Not surprisingly, the R2K, having lagged the broader market since the late spring, continues to suffer the most, with a net weekly decline of -2.4%. The 1080s remain the critical threshold, and that is currently just 4% away. Any break <1080 will open up the giant 1000 threshold, with best 'doomer case' on a multi-month decline.. the low 900s.


The 'old leader' slipped -1.7% this week, with the MACD cycle turning negative. There is certainly a lot of downside potential, but first target remains the 7900/7800s.. where the lower weekly bollinger will be lurking in October.


So... we've swung from an Alibaba high of sp'2019, to a 'something new is happening' Thursday low of sp'1965. In the scheme of things, price action is still relatively minor, as reflected in a VIX that still struggles just to hold the mid teens.

For the chart technicians out there, I think what is most notable are the MACD cycles, with a fair few indexes set to turn negative at the start of next week. For the algo-bot market that we trade in, next week looks set for continued downside, rather than another attempt to break new highs.

Certainly, the price action on Thursday was something we've not seen since late July, although I'll be the first to admit that until the VIX breaks above the important 20 threshold, the equity bears should not let themselves get overly confident.

Looking ahead

There is fair bit of data next week...

Mon - Pers' income/outlays, home sales
Tue - Case Schiller HPI, Chicago PMI, consumer conf'
Wed - ADP jobs, PMI & ISM manufacturing sector, construction spending
Thur - jobless claims, factory orders
Fri - Monthly jobs data, intl trade, PMI & ISM service sector

*there is QE next Monday of $2-2.5bn. It is notable that as of Wednesday Oct'1st, QE-pomo will be just $10bn.. with QE3 ending entirely as of Friday Oct'31st.

Best case for the 'doomer bears'

With the break of support @ sp'1979, there is actually some real justification to consider that the giant wave from Oct'2011 has possibly concluded. Certainly, the Alibaba IPO - with an sp'500 top of 2019, would kinda sync well together.

Right now, the following remains best bear case.


Without question, in order for there to be ANY chance of a much larger down wave in late Oct/Nov, the bears MUST break to the low 1900s in the current wave.
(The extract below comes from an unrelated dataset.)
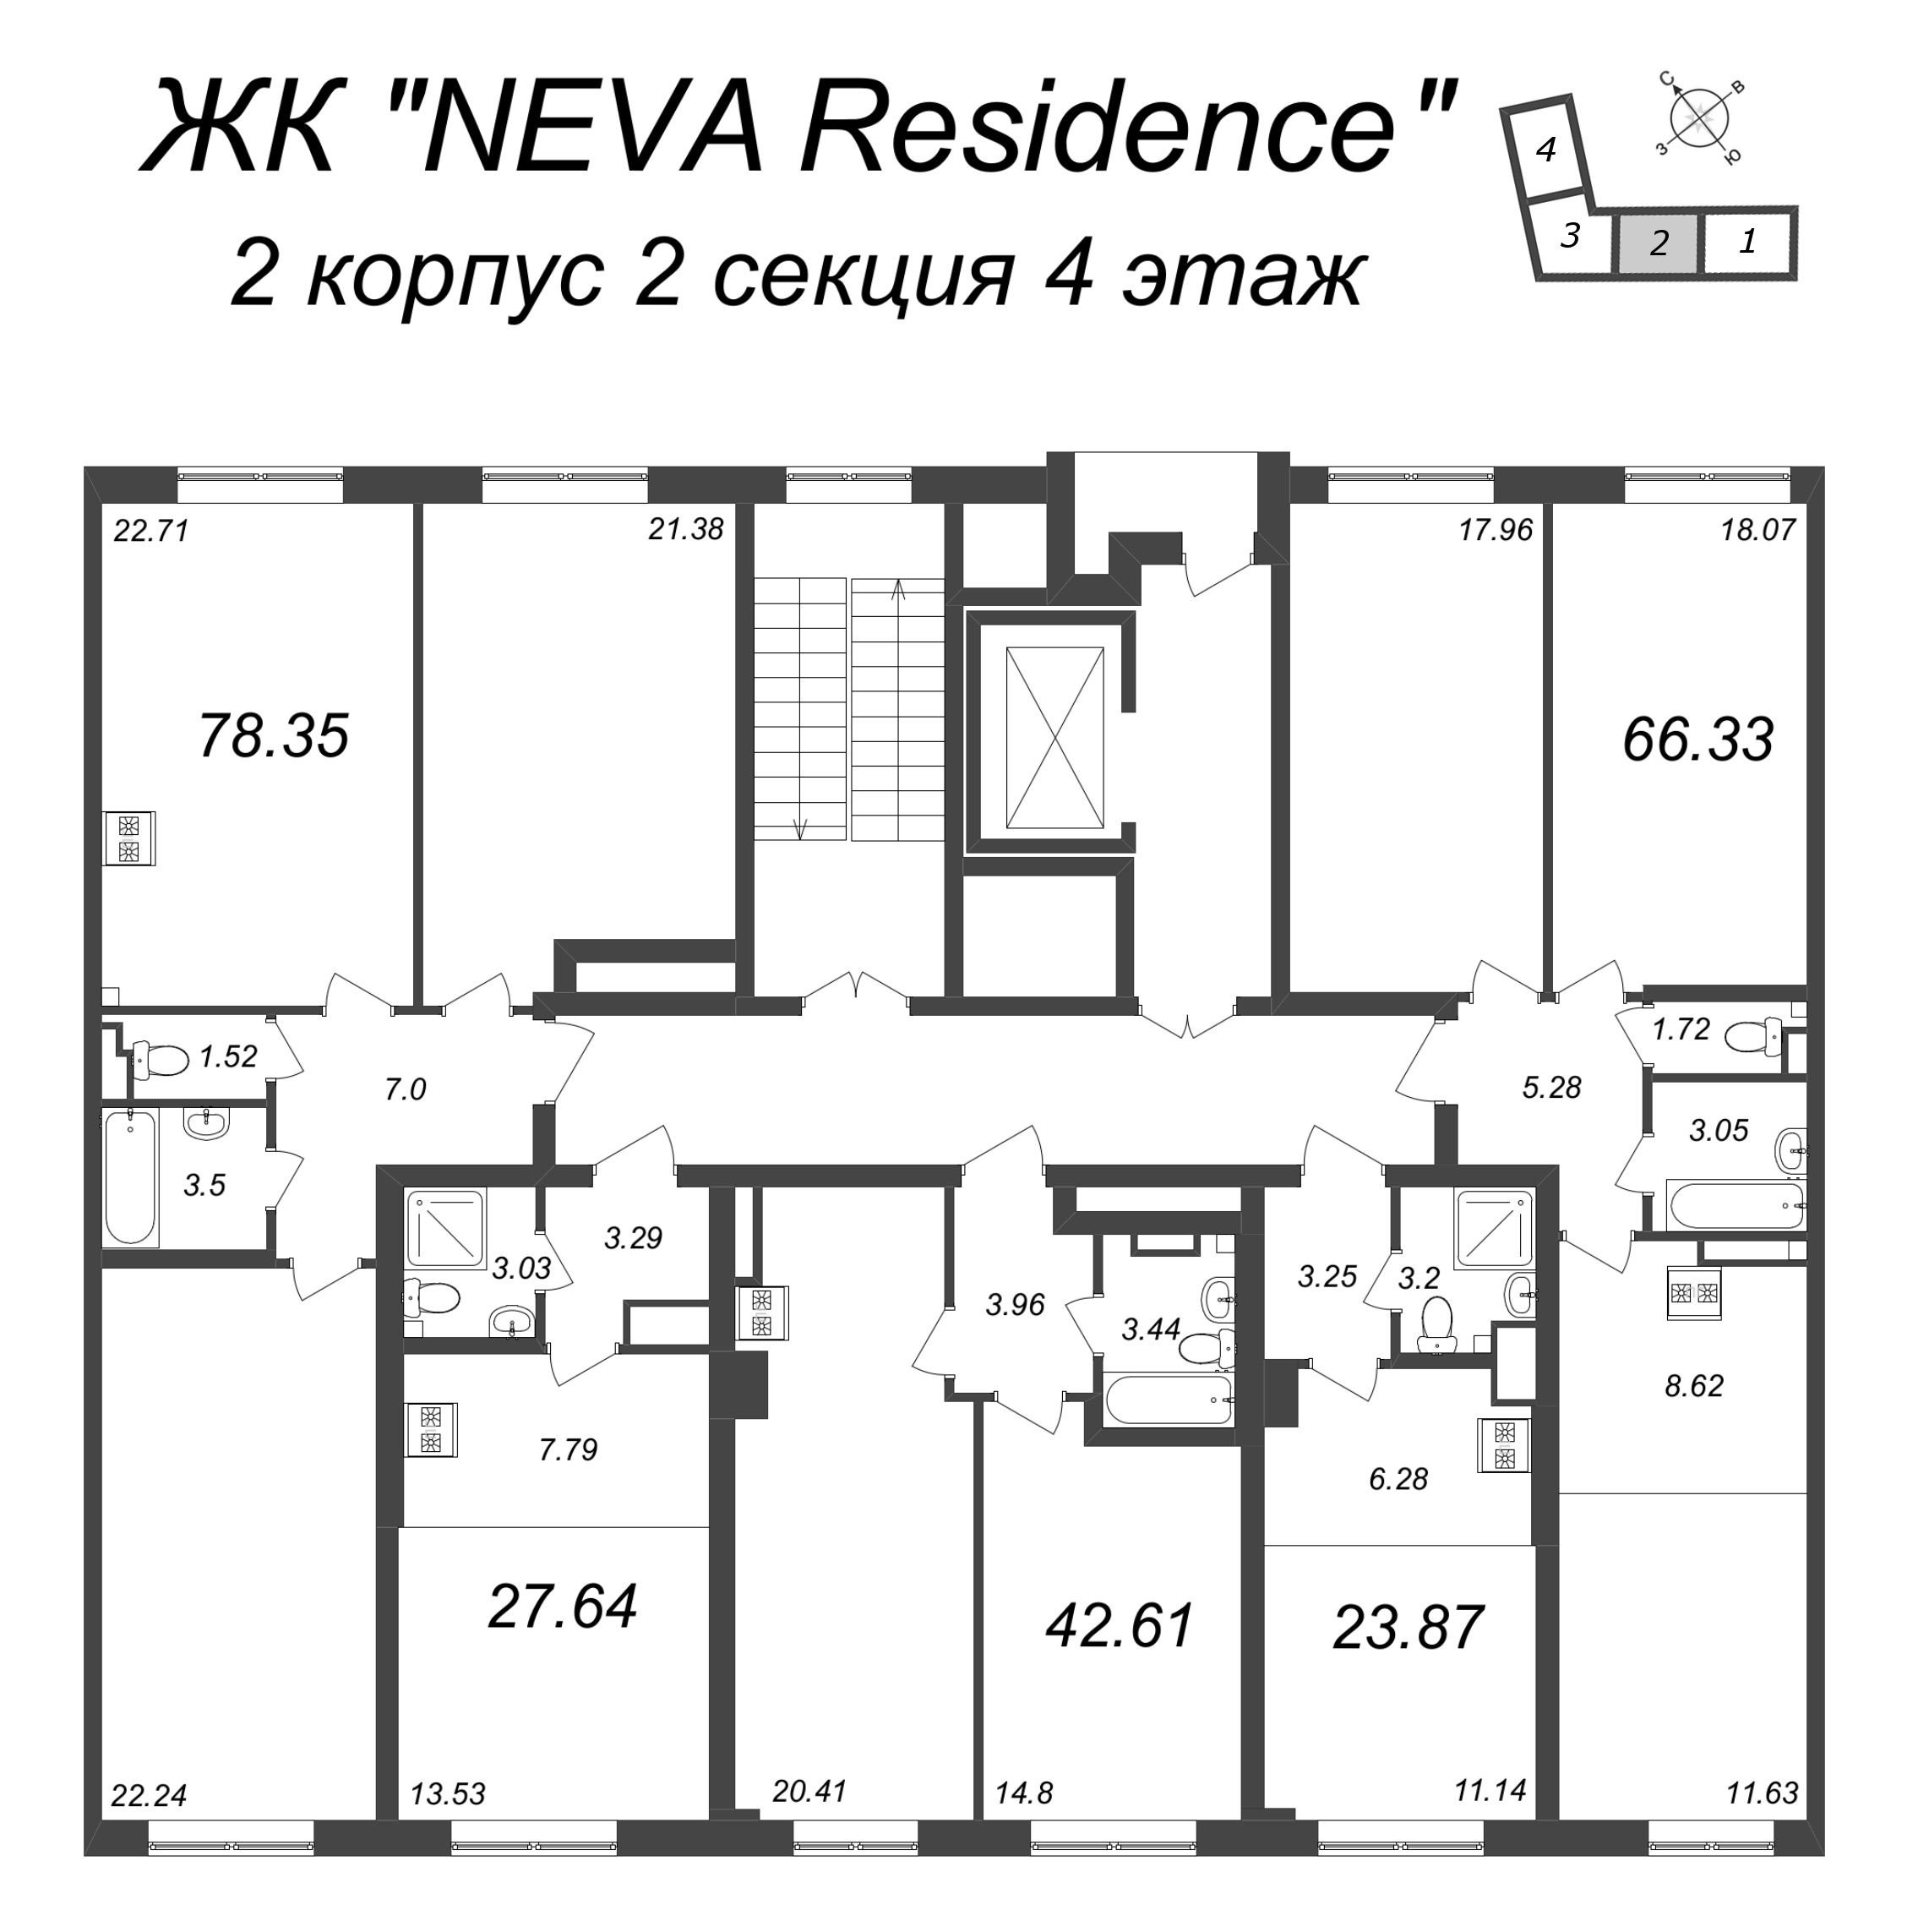 2-комнатная (Евро) квартира, 42.61 м² в ЖК "Neva Residence" - планировка этажа

The 1950/40s just would not be good enough. Within the next two trading weeks, bears need to hit the 1920/10s.. if not actually test the August low of 1904.

If by some miracle we do get to the low 1900s, then I'll have 'reasonable' confidence that 2019 was the intermediate'3 top... something that many have been seeking for over a year.

*I hold short across the weekend, and this is my first short-index trade since summer 2013.

back on Monday :)

Momentum turning to the bears

Despite the bulls managing moderate gains to end the week, the week as a whole was certainly one for the bears. The sp'500 saw a net weekly decline of -27pts (-1.4%), settling at 1982. Outlook into early October is bearish, with viable downside to the 1920/00 zone.


NYSE Comp, weekly'2


Its been a long week, not least with my 'GOOG' problem.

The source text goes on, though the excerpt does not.